Kvistad K A, Lundgren S, Fjøsne H E, Smenes E, Smethurst H B, Haraldseth O
MR-Center, University Hospital, Trondheim, Norway.
Acta Radiol. 1999 Jan;40(1):45-51. doi: 10.1080/02841859909174402.
Invasive breast carcinomas and fibroadenomas are often difficult to differentiate in dynamic contrast-enhanced T1-weighted MR imaging of the breast, because both tumors can enhance strongly after contrast injection. The purpose of this study was to evaluate whether the addition of T2*-weighted first pass perfusion imaging can increase the differentiation of malignant from benign lesions.
Nine patients with invasive carcinomas and 10 patients with contrast enhancing fibroadenomas were examined by a dynamic contrast-enhanced T1-weighted 3D sequence immediately followed by a single slice T2*-weighted first pass perfusion sequence positioned in the contrast-enhancing lesion.
The carcinomas and the fibroadenomas were impossible to differentiate based on the contrast enhancement characteristics in the T1-weighted sequence. The signal loss in the T2*-weighted perfusion sequence was significantly stronger in the carcinomas than in the fibroadenomas (p = 0.0004).
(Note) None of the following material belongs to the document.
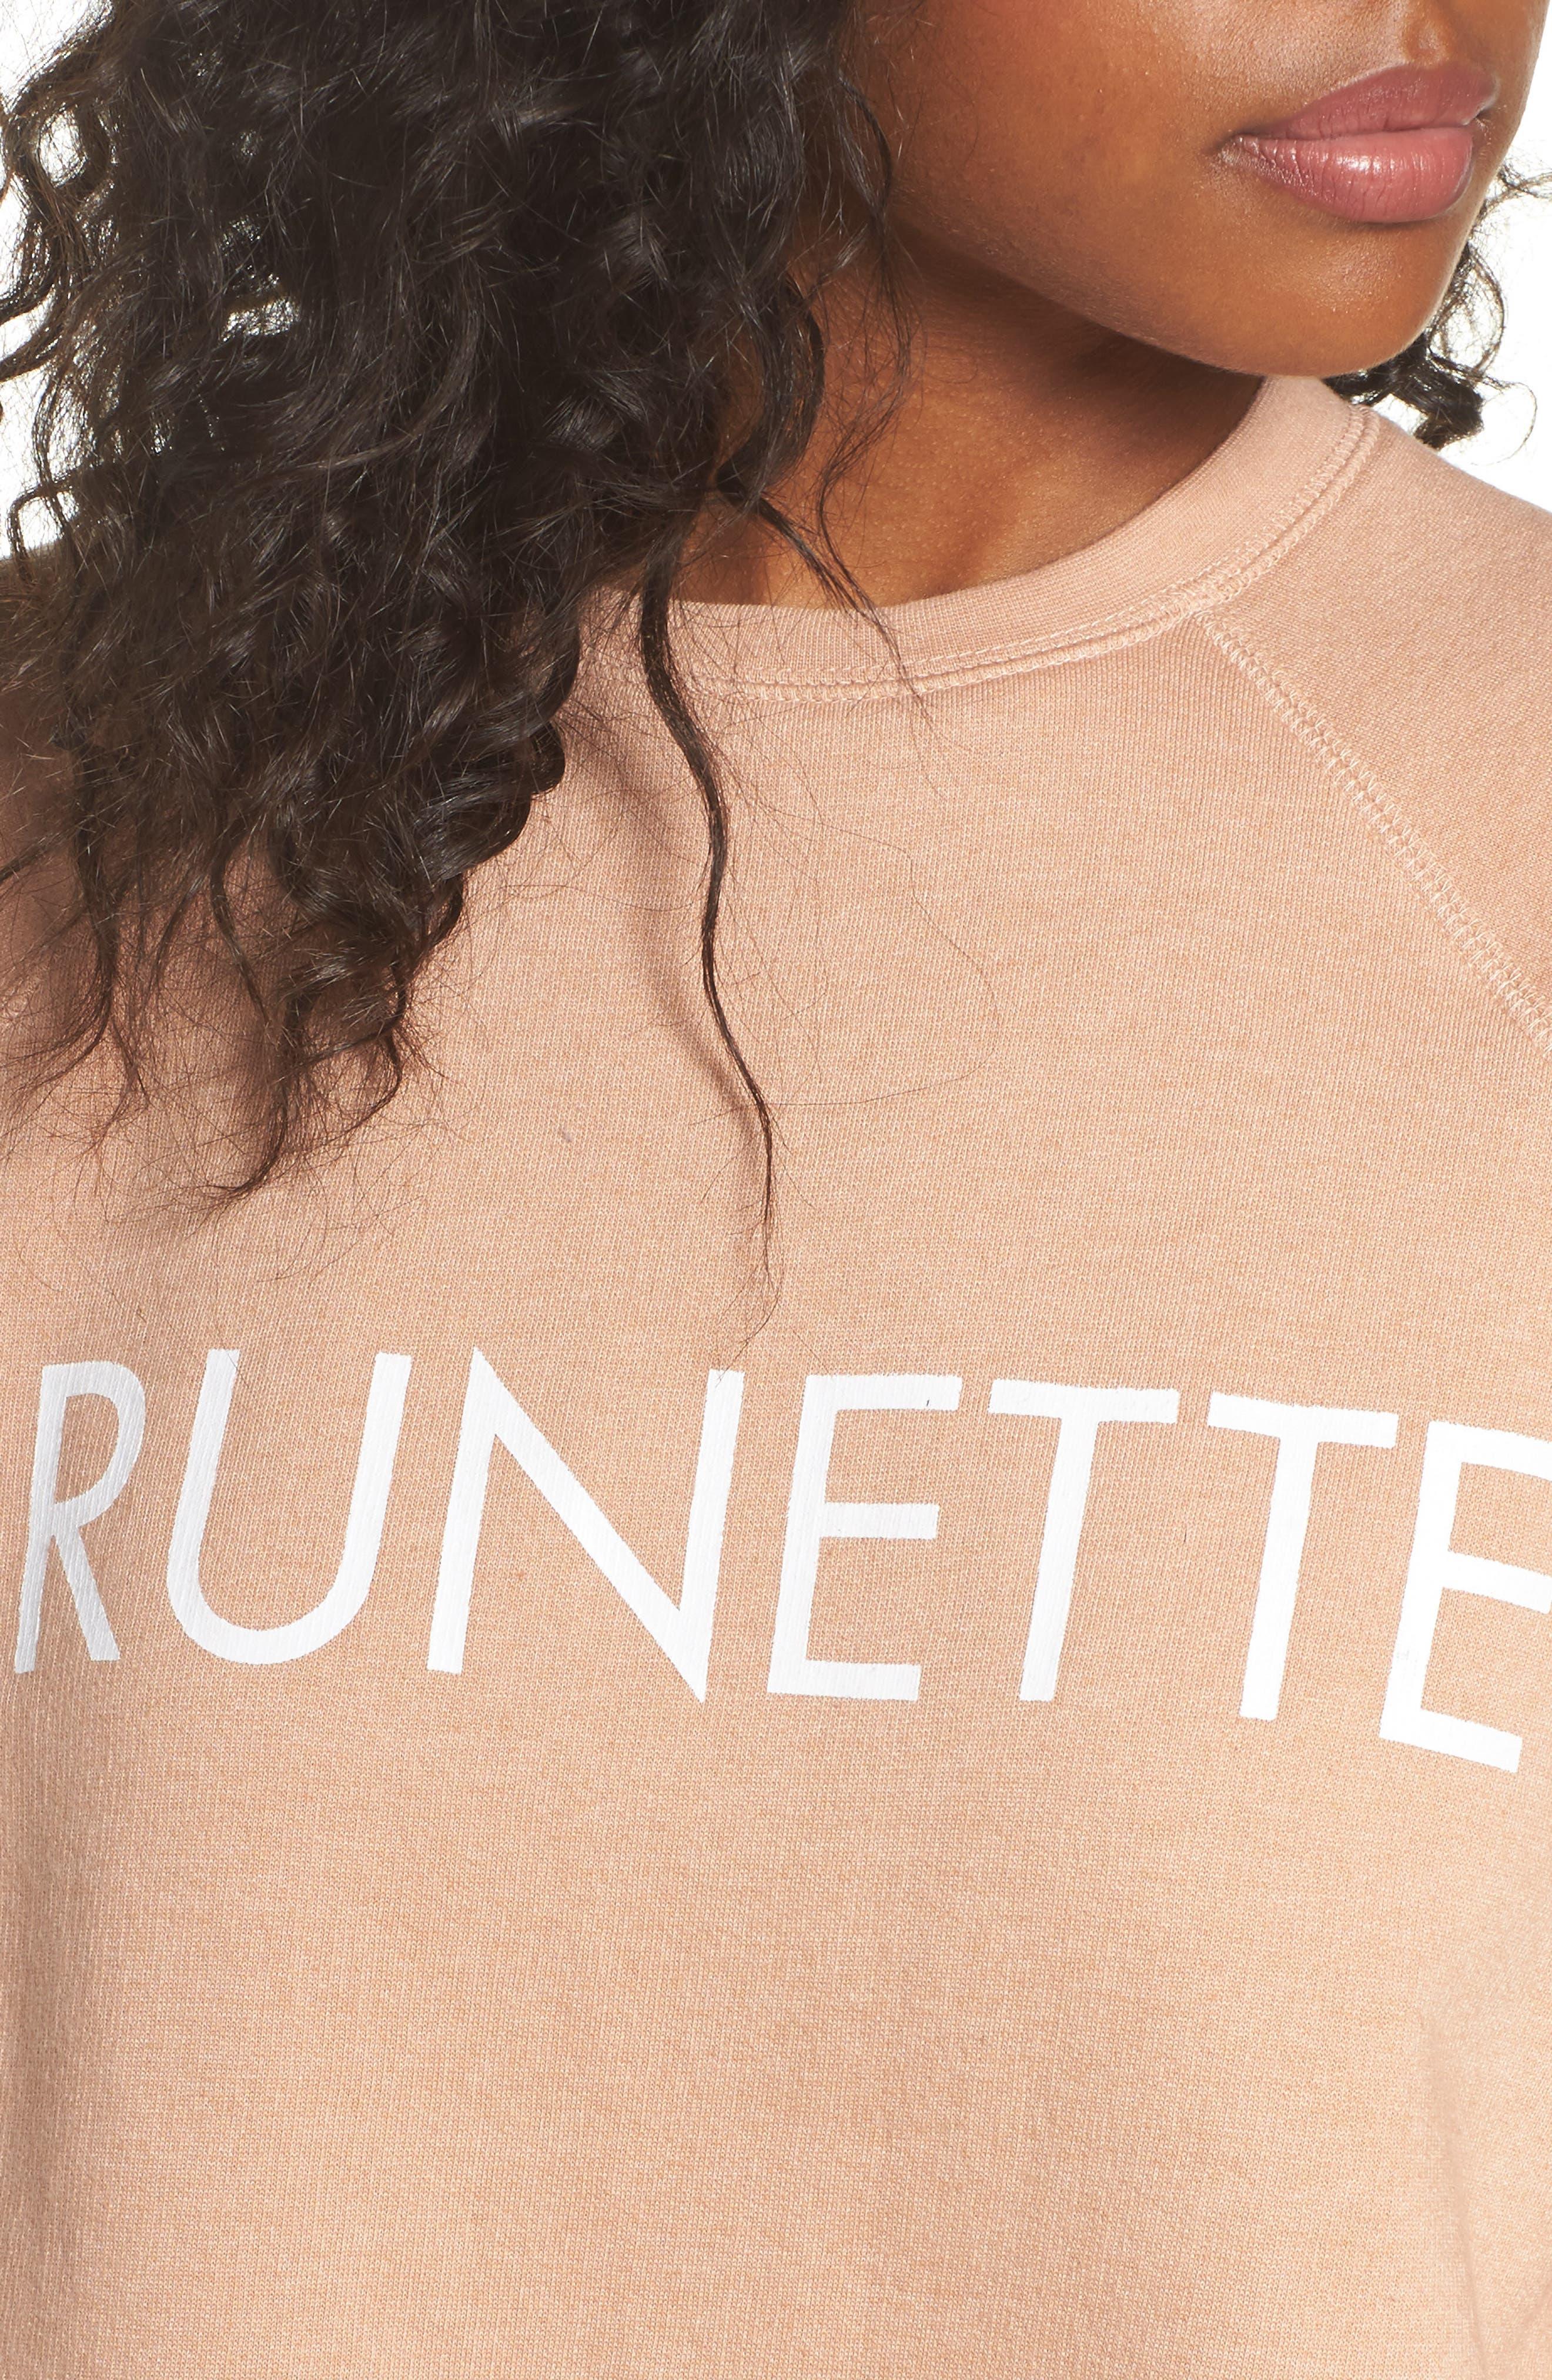 Middle Sister Brunette Sweatshirt,                             Alternate thumbnail 6, color,                             Rose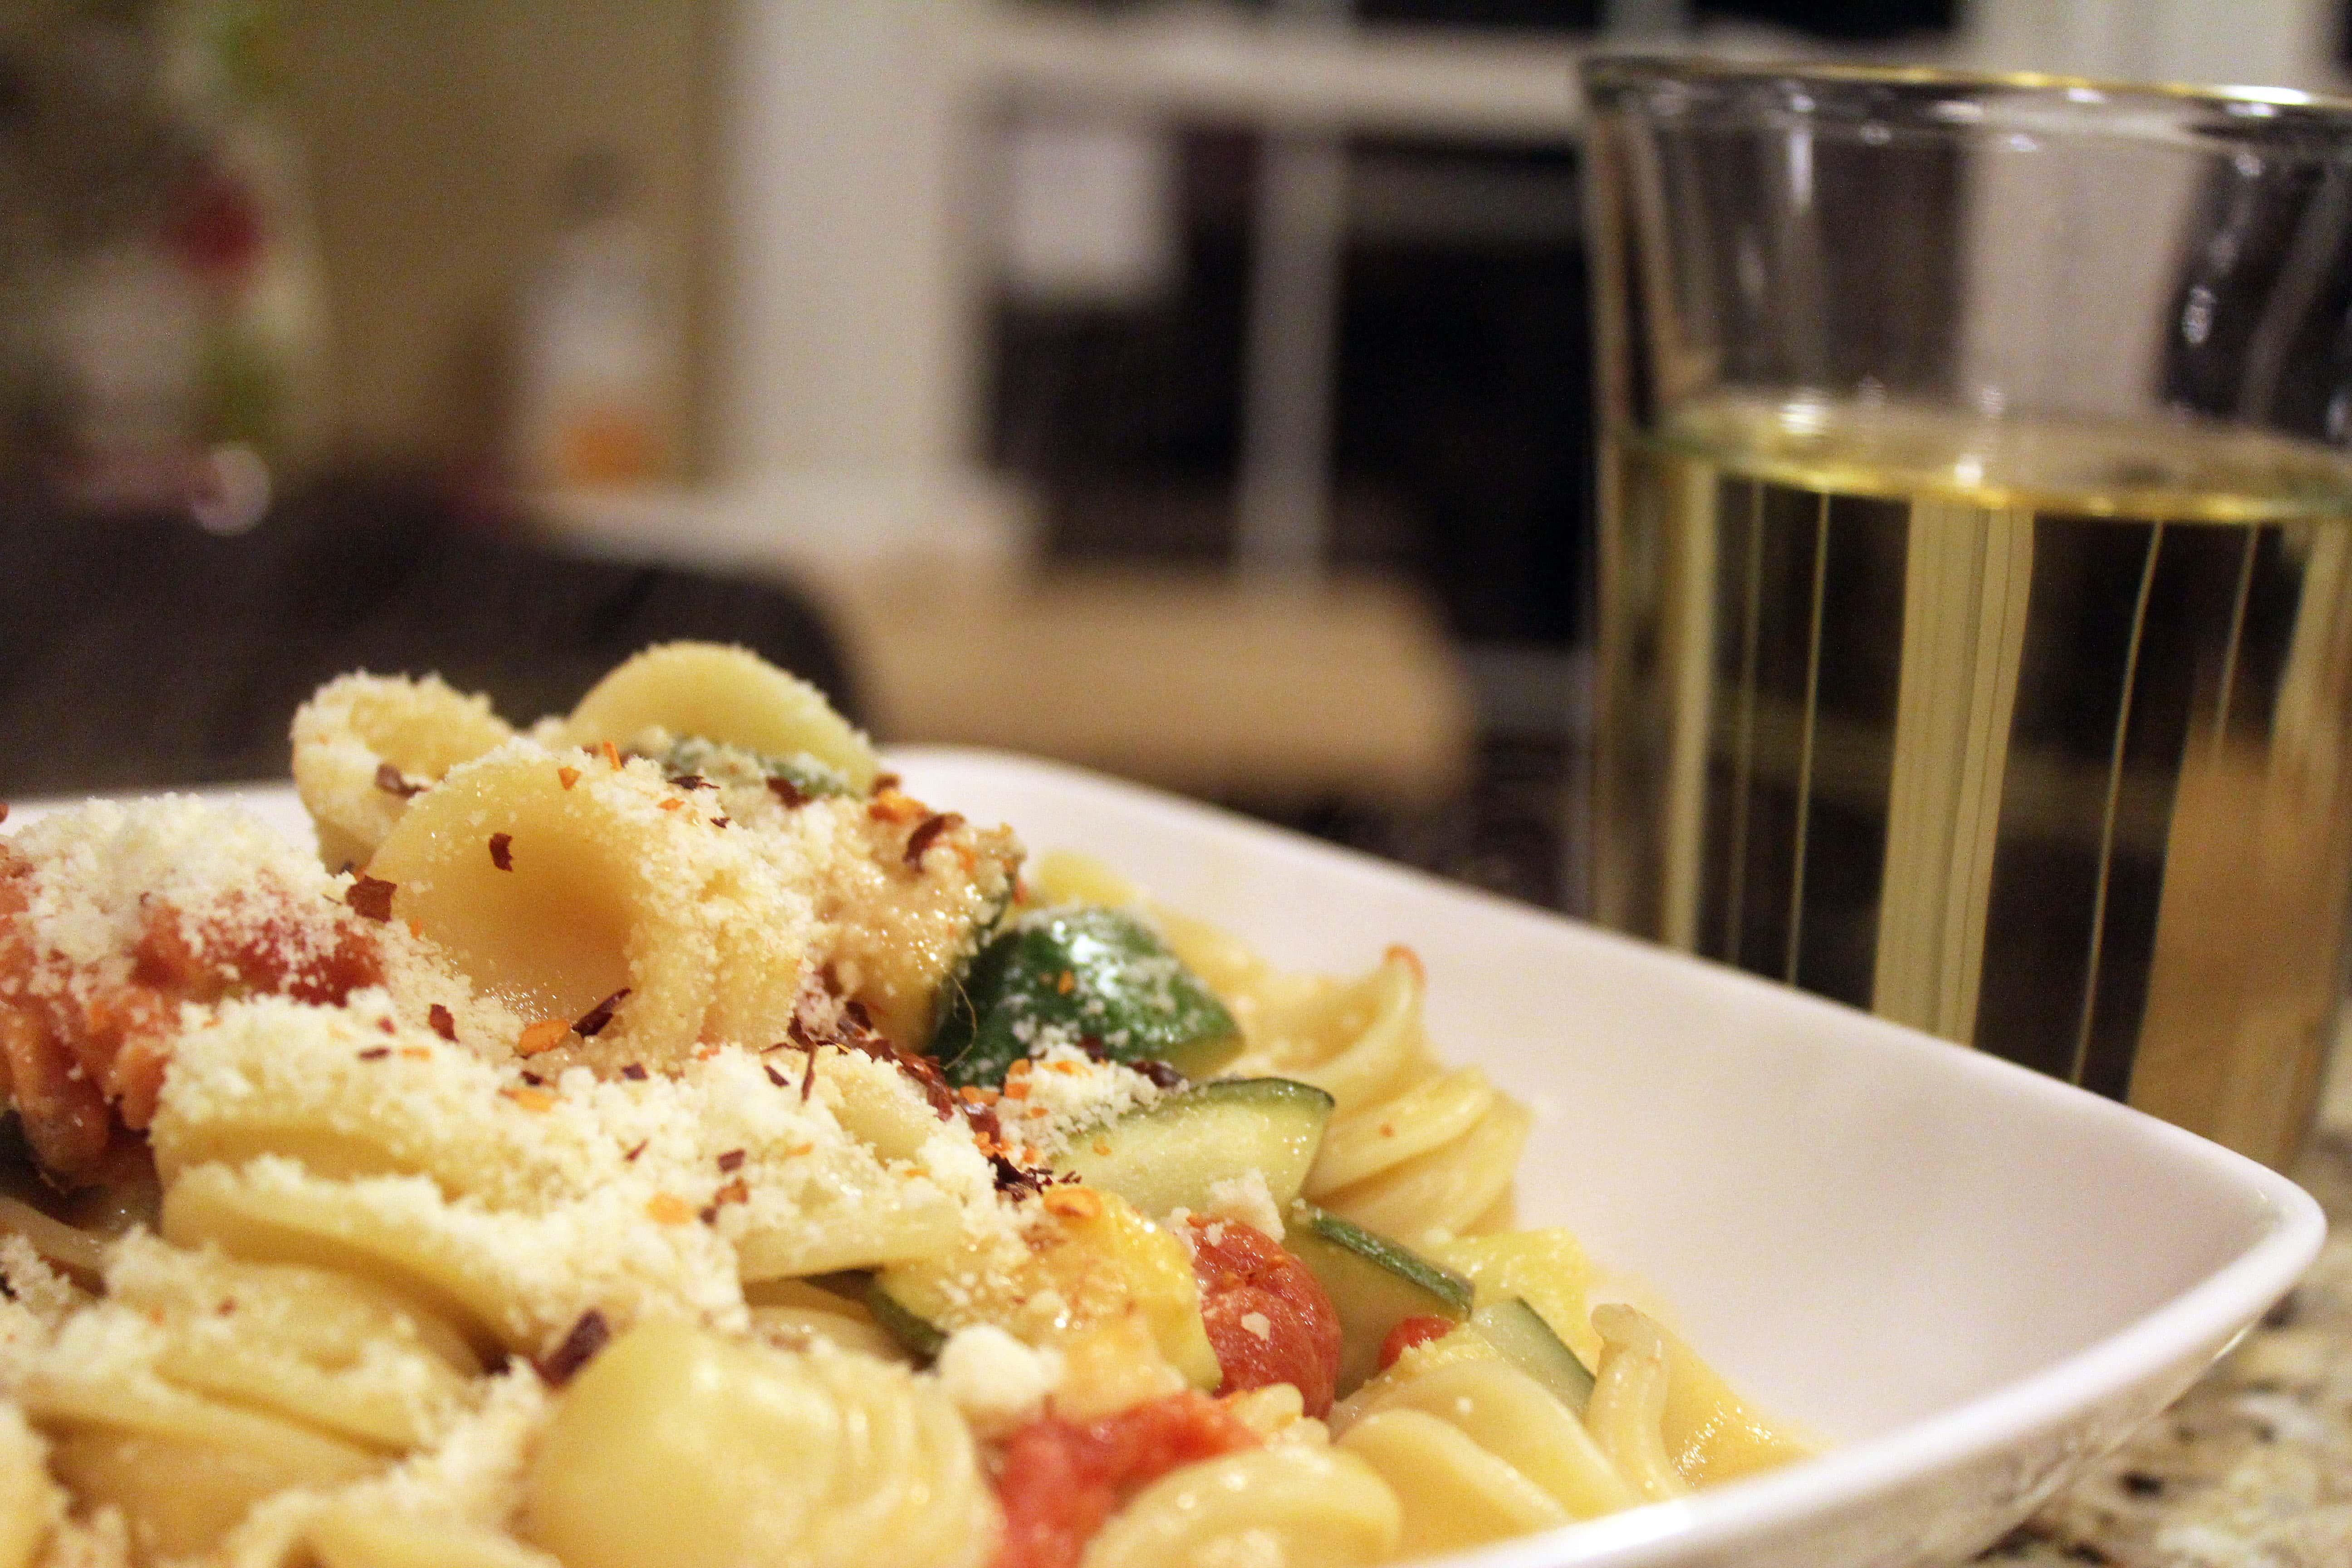 Serve pasta with wine

Addition of a T2*-weighted first pass perfusion sequence with a high temporal resolution can probably increase the differentiation of fibroadenomas from invasive carcinomas in contrast-enhanced MR imaging of the breast.
在乳腺动态对比增强T1加权磁共振成像中,浸润性乳腺癌和纤维腺瘤常常难以鉴别,因为两种肿瘤在注射对比剂后均可出现明显强化。本研究的目的是评估增加T2*加权首过灌注成像是否能提高良恶性病变的鉴别能力。
对9例浸润性癌患者和10例对比增强纤维腺瘤患者先采用动态对比增强T1加权3D序列进行检查,随后对增强病变所在层面采用单层T2*加权首过灌注序列进行检查。
根据T1加权序列中的对比增强特征无法鉴别癌和纤维腺瘤。癌在T2*加权灌注序列中的信号丢失明显强于纤维腺瘤(p = 0.0004)。
在乳腺对比增强磁共振成像中,增加具有高时间分辨率的T2*加权首过灌注序列可能会提高纤维腺瘤与浸润性癌的鉴别能力。